Exercise instructions:
Return all of the listing word for word; the pictures stay out.
===
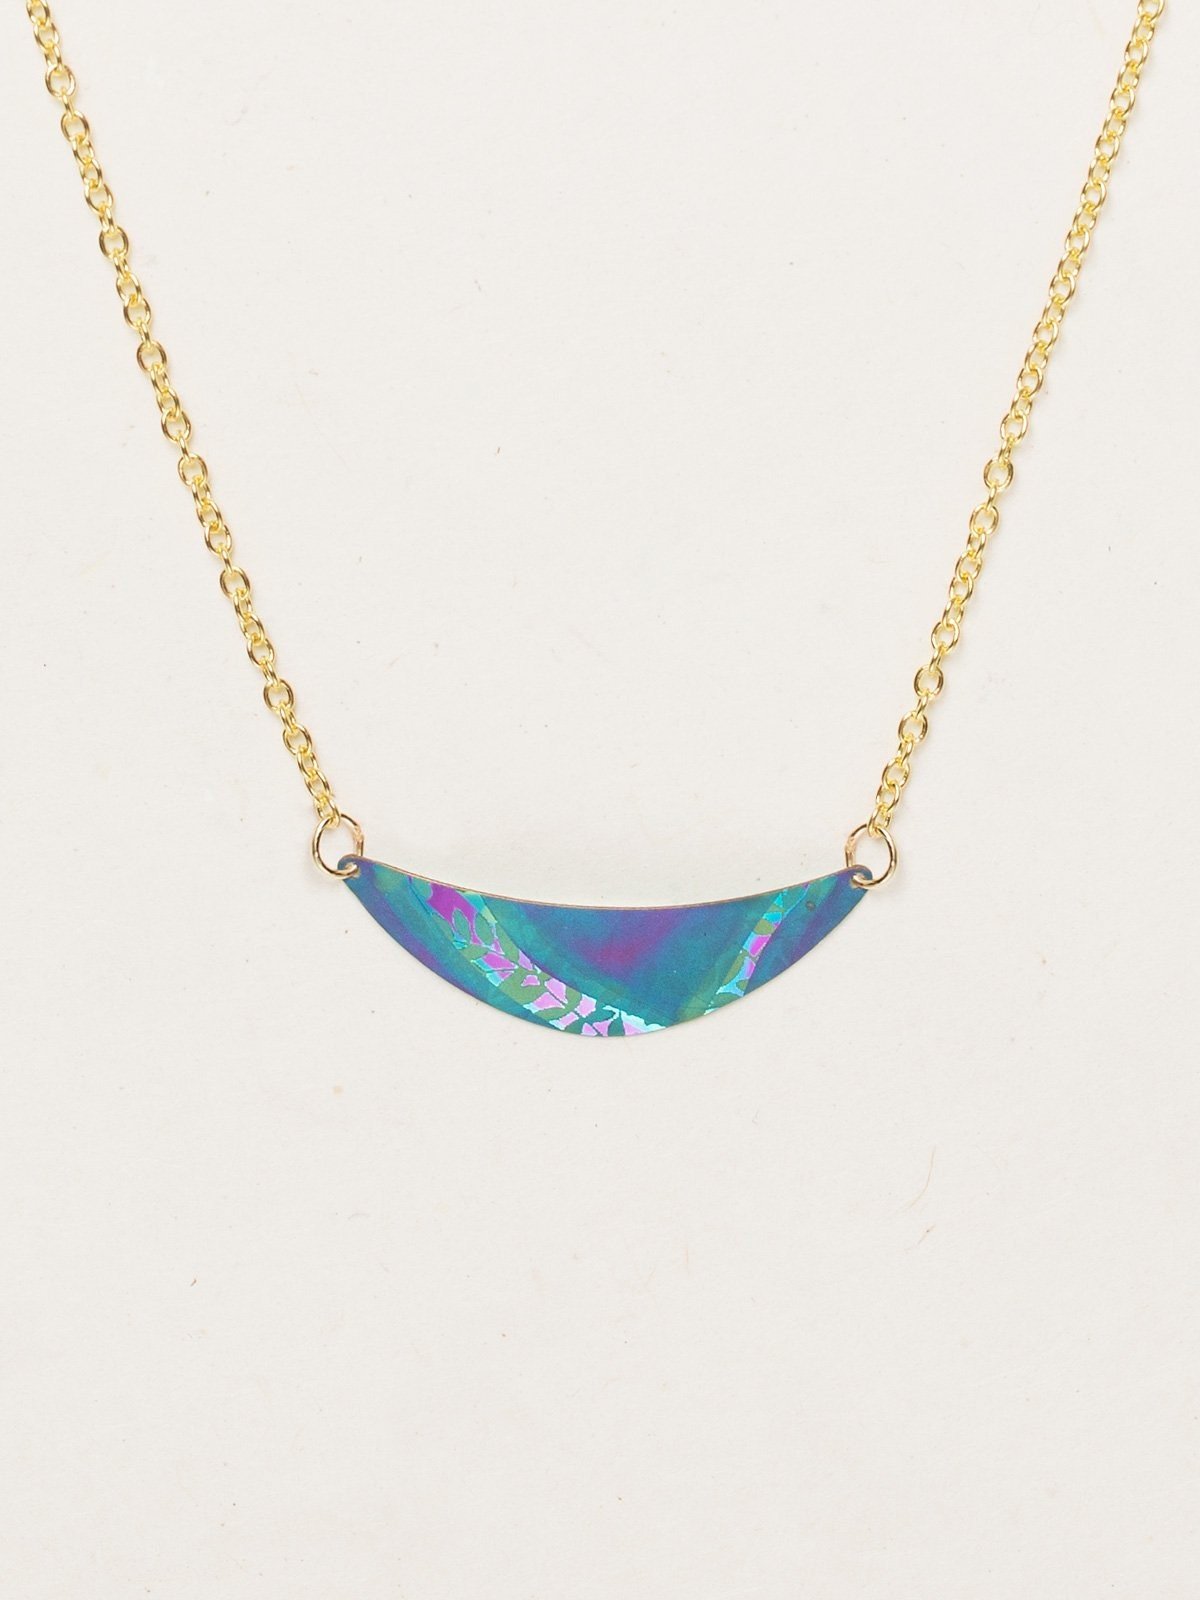 Holly Yashi Selena Necklace - Turquoise/Purple    
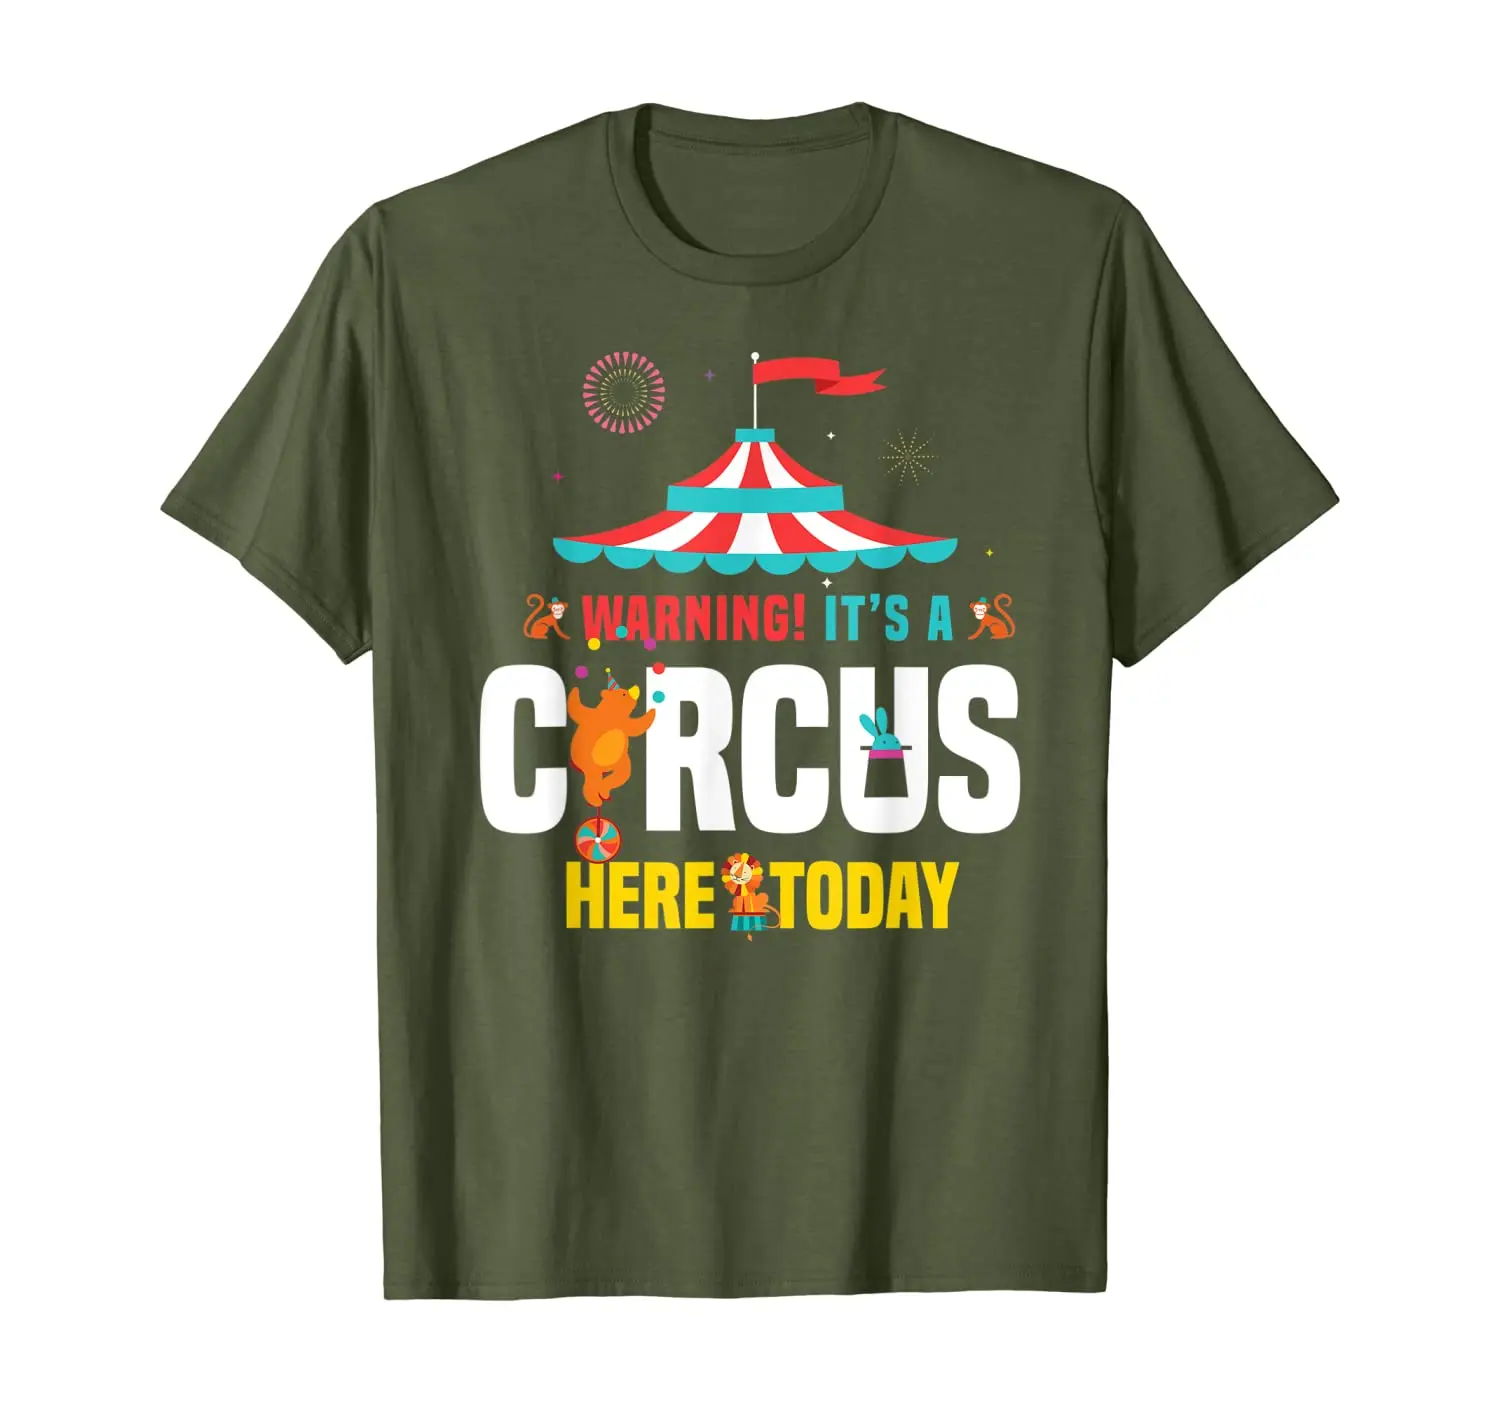 

Предупреждение, что это цирк, сегодня, карнавал, день рождения, футболка
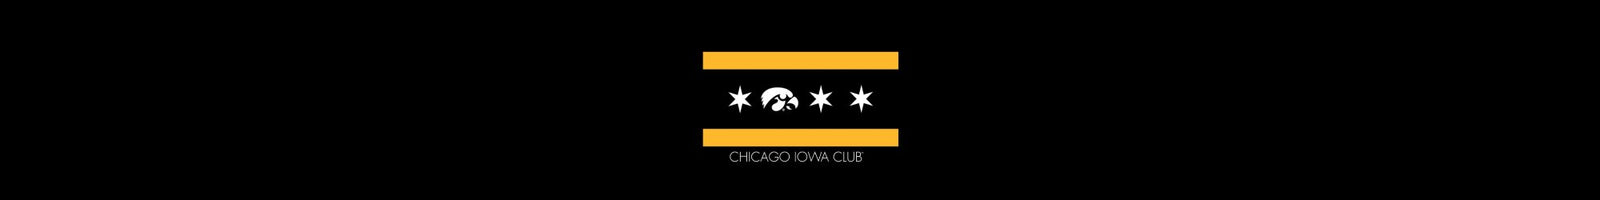 Chicago Iowa Club
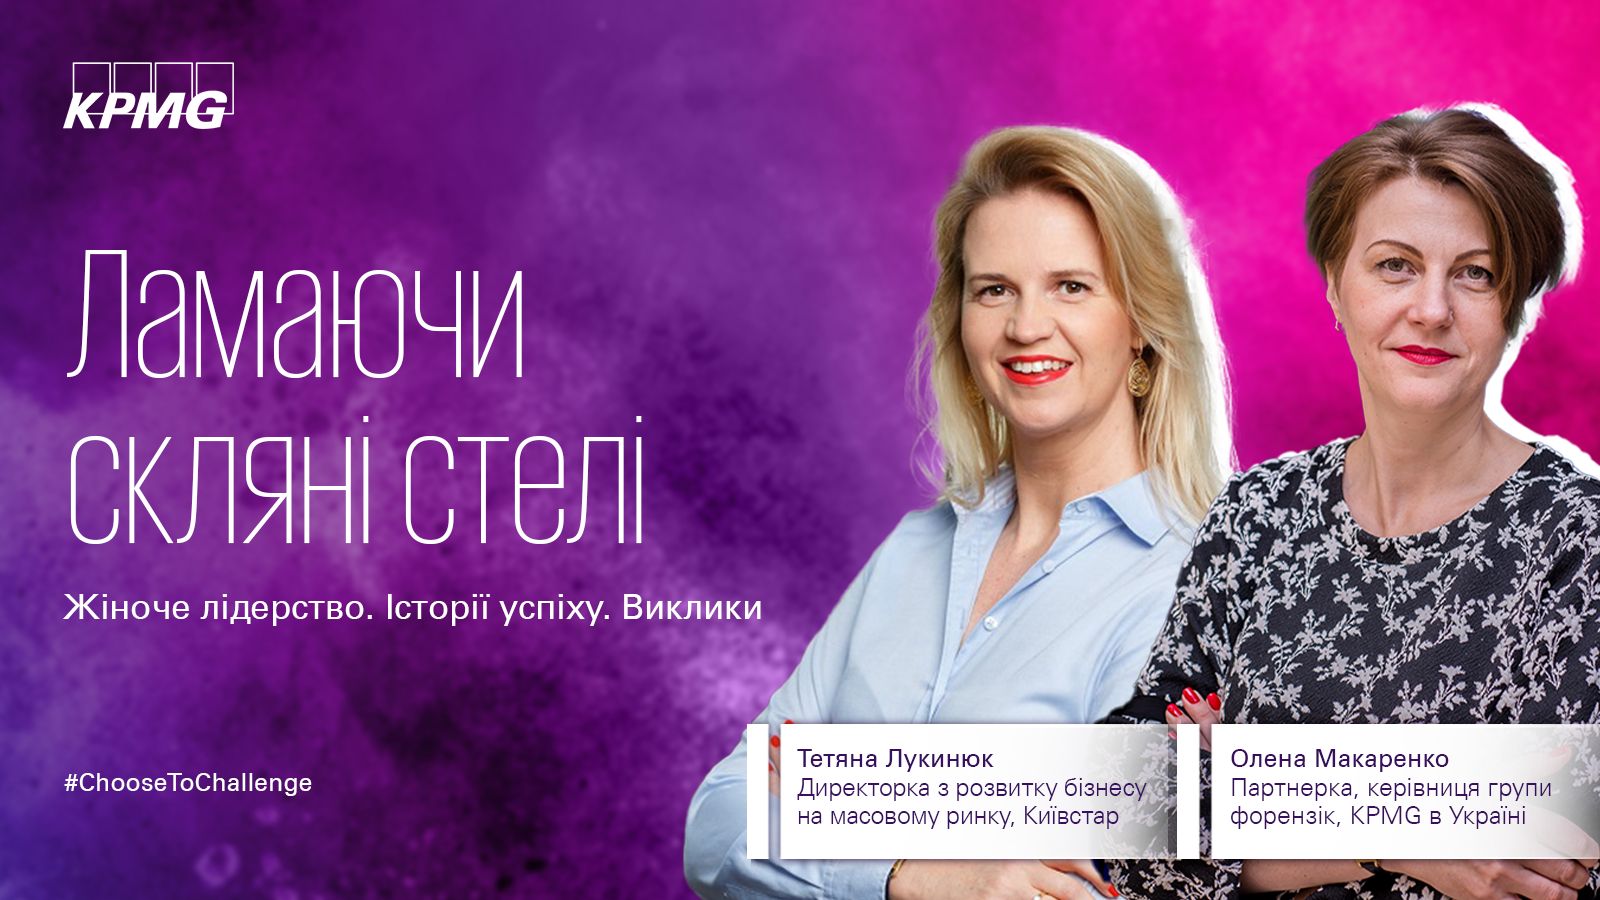 Тетяна Лукинюк, Директорка з розвитку бізнесу на масовому ринку, Київстар
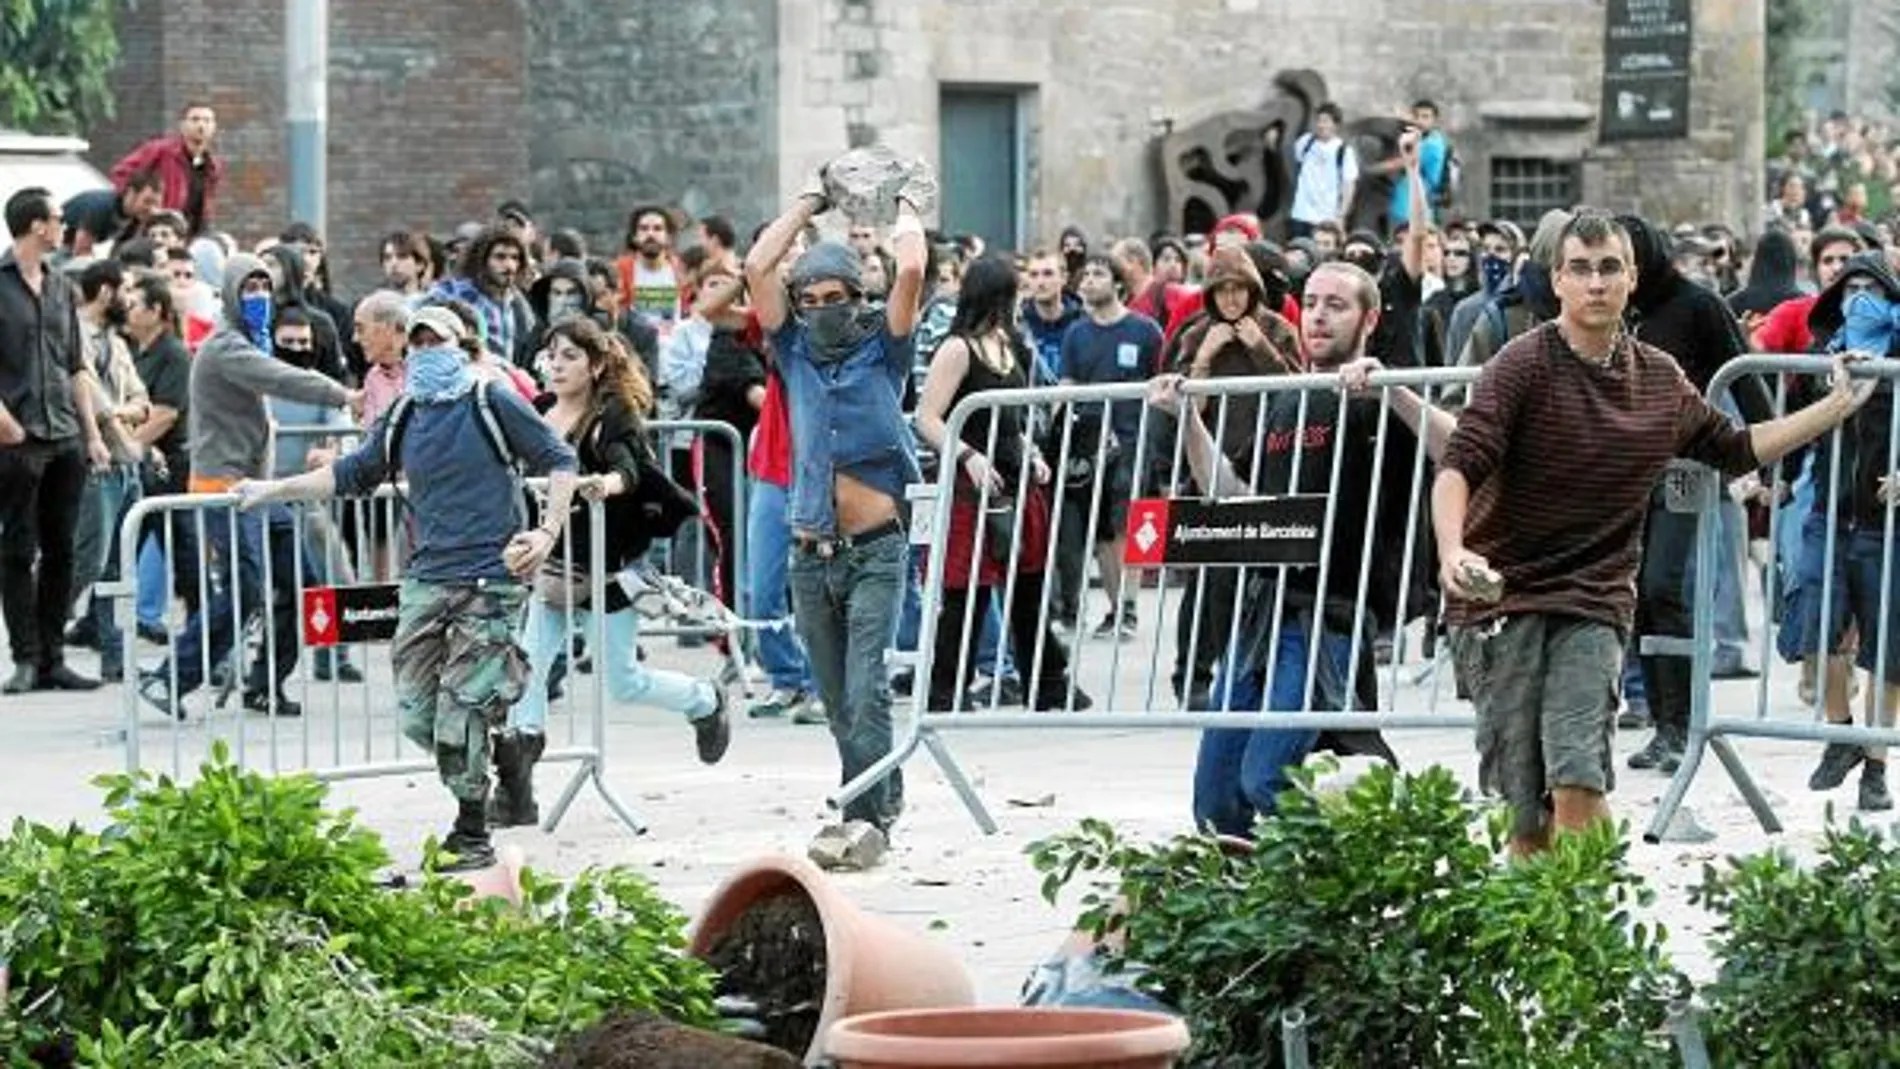 Los radicales destrozan Barcelona en una violenta jornada de huelga
===
Result for this task:
 Holly Yashi Selena Necklace - Turquoise/Purple    

Предупреждение, что это цирк, сегодня, карнавал, день рождения, футболка
 Chicago Iowa Club
 Тетяна Лукинюк, Директорка з розвитку бізнесу на масовому ринку, Київстар
 Los radicales destrozan Barcelona en una violenta jornada de huelga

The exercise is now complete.